Return to Our Origin

Address by Professor Kiang Ai Kim

Prof Kiang Ai Kim

I am indeed very grateful to the organising committee for inviting me to participate in today's historical event. I am asked to say a few words on my early days at GESS and I find it quite difficult to do justice to the subject. Please excuse me if I should go off at a tangent.

When I was a young boy studying at GESS from 1926 to 1930, the school was only a primary school. Singapore was then a small island colony of the British Empire although it was already an important and thriving port in the S.E. Asian region, because of its geographical position.

Nevertheless, the island was hardly developed and the business activities were mainly found in areas near the mouth of the Singapore River and in the Telok Ayer Basin. Amoy Street, McCallum Street and Telok Ayer Street and the surrounding areas could be considered to be the District 9 or 10 of present-day Singapore. Jurong was a mass of swamps; and Serangoon, Bukit Timah, Changi and Katong were 'ulus'.

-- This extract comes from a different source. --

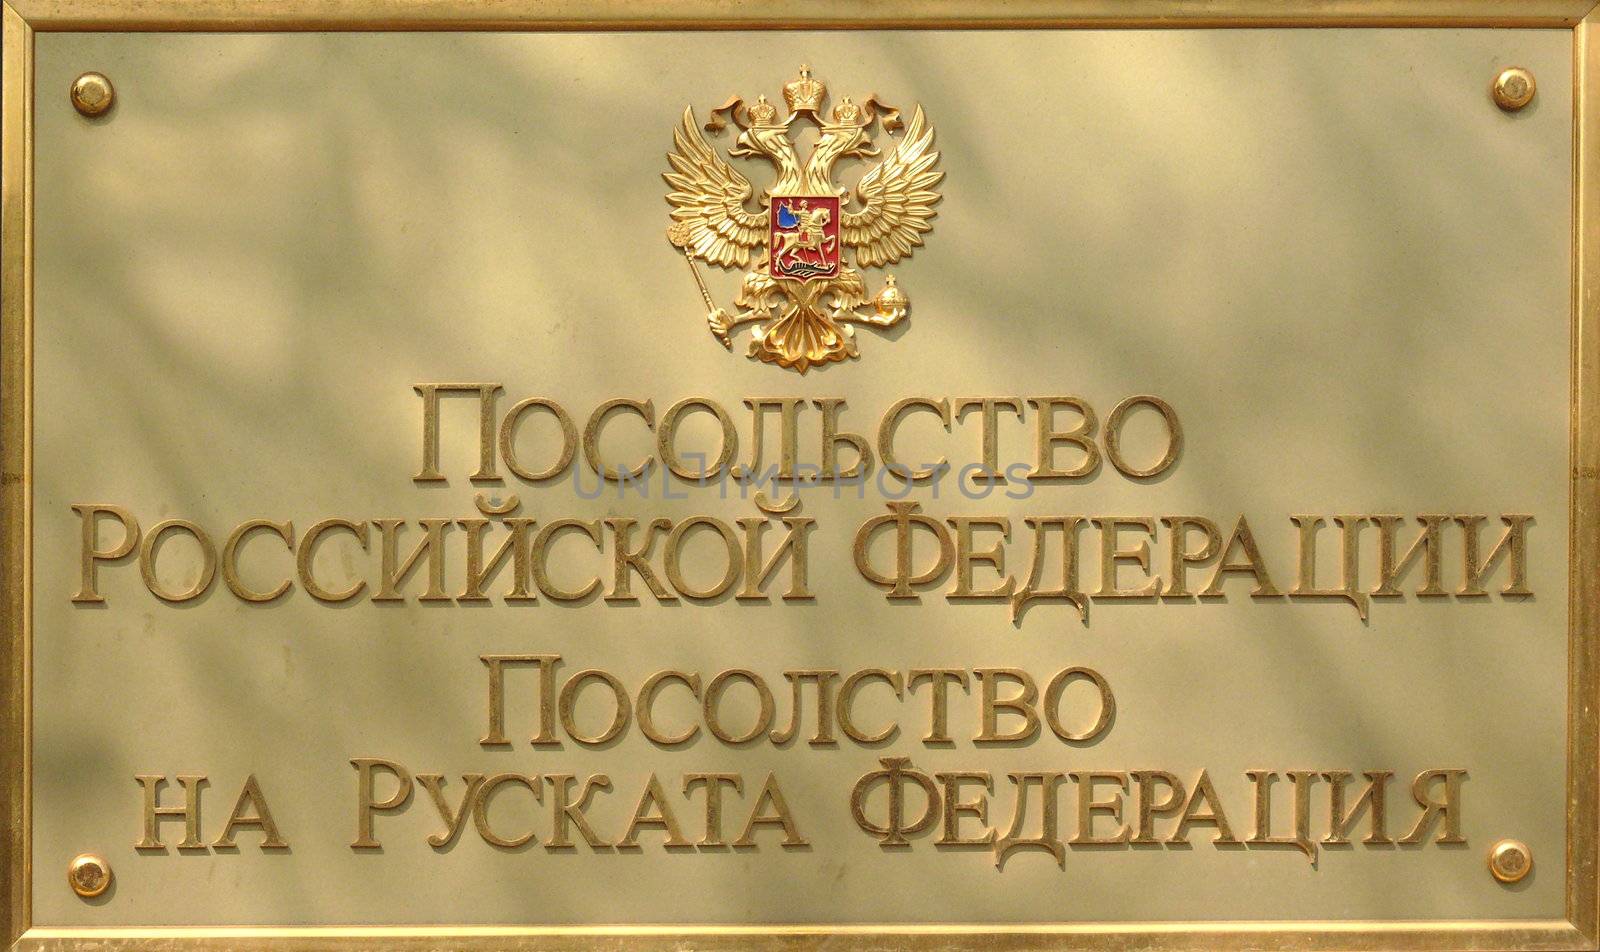 Embassy of Russian Federation in Sofia, Bulgaria by Stoyanov
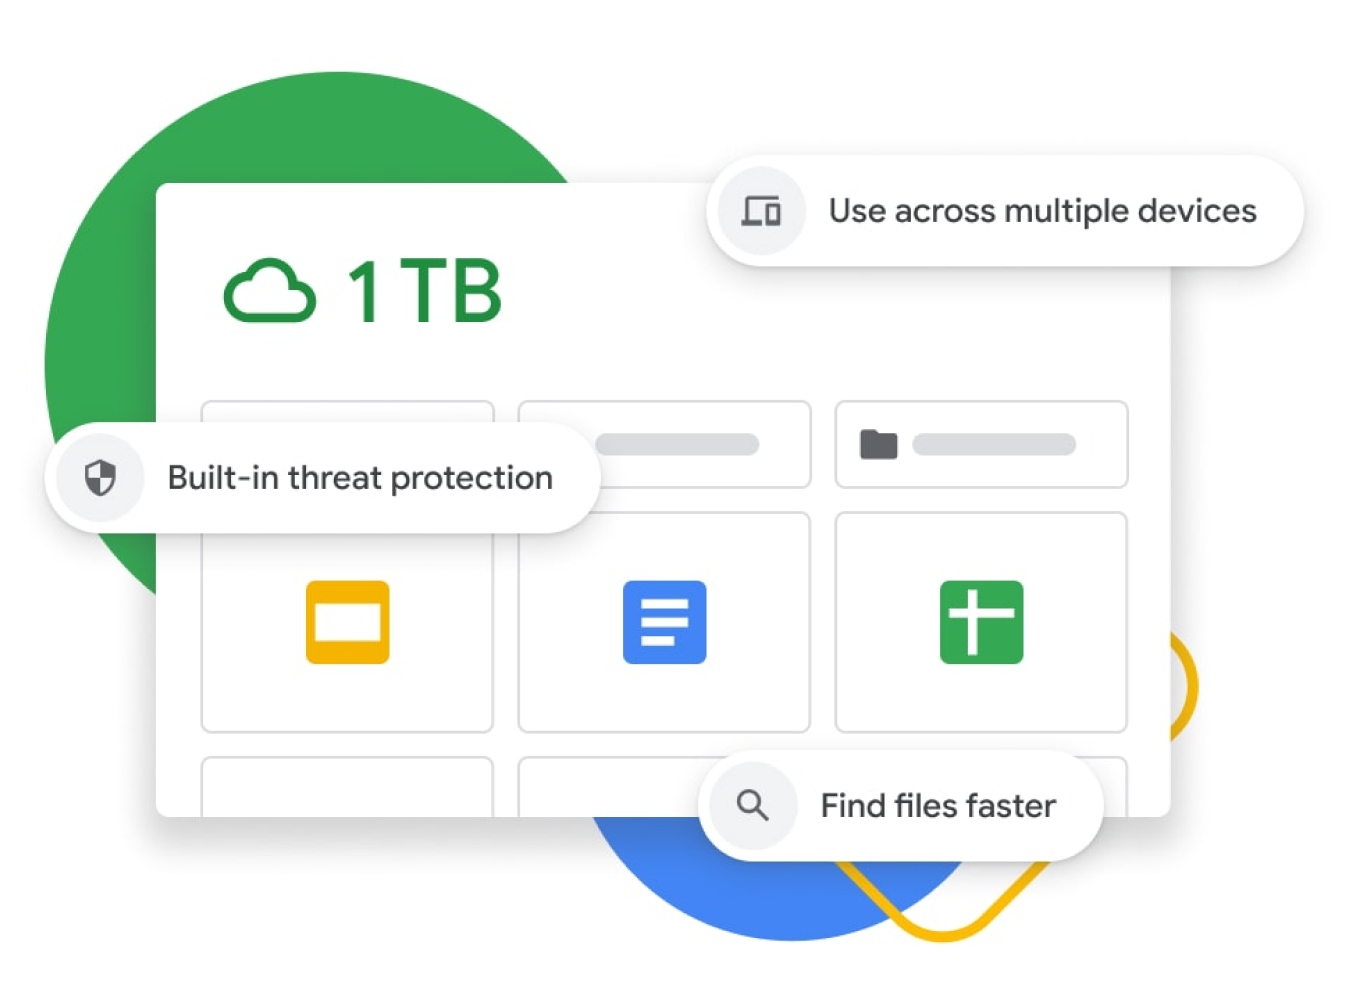 「Google 雲端硬碟」資訊主頁的圖像，顯示 1 TB 儲存空間、內置威脅防護、多裝置同步功能和加強搜尋功能。

I believe large areas of land were cultivated with spice plants and rubber trees. There was little industrial activity except for tapping of rubber adn the manufacture of rubber sheets for export. I can remember seeing foul-smelling freshly0coagulated rubber slabs and smoked sheets being transported in bullock carts. There were few motor cars or lorries on the roads.

For entertainment at home, there was His Master's Voice gramophone and records. But there was no radio; and television was not heard of. The ordinary people did not know of terms like COE, EDB GDP, GST, IT, etc, and were ignorant of such expressions as trade liberalisation, globalisation, high tech, internet, e-mails etc. For the primary school children of my days, life was quite relaxed. The youngsters of today have much more opportunities to gain information so that they are more knowledgeable adn smarter but many are pressed to absorb that vast amount of data, analyse and think about them.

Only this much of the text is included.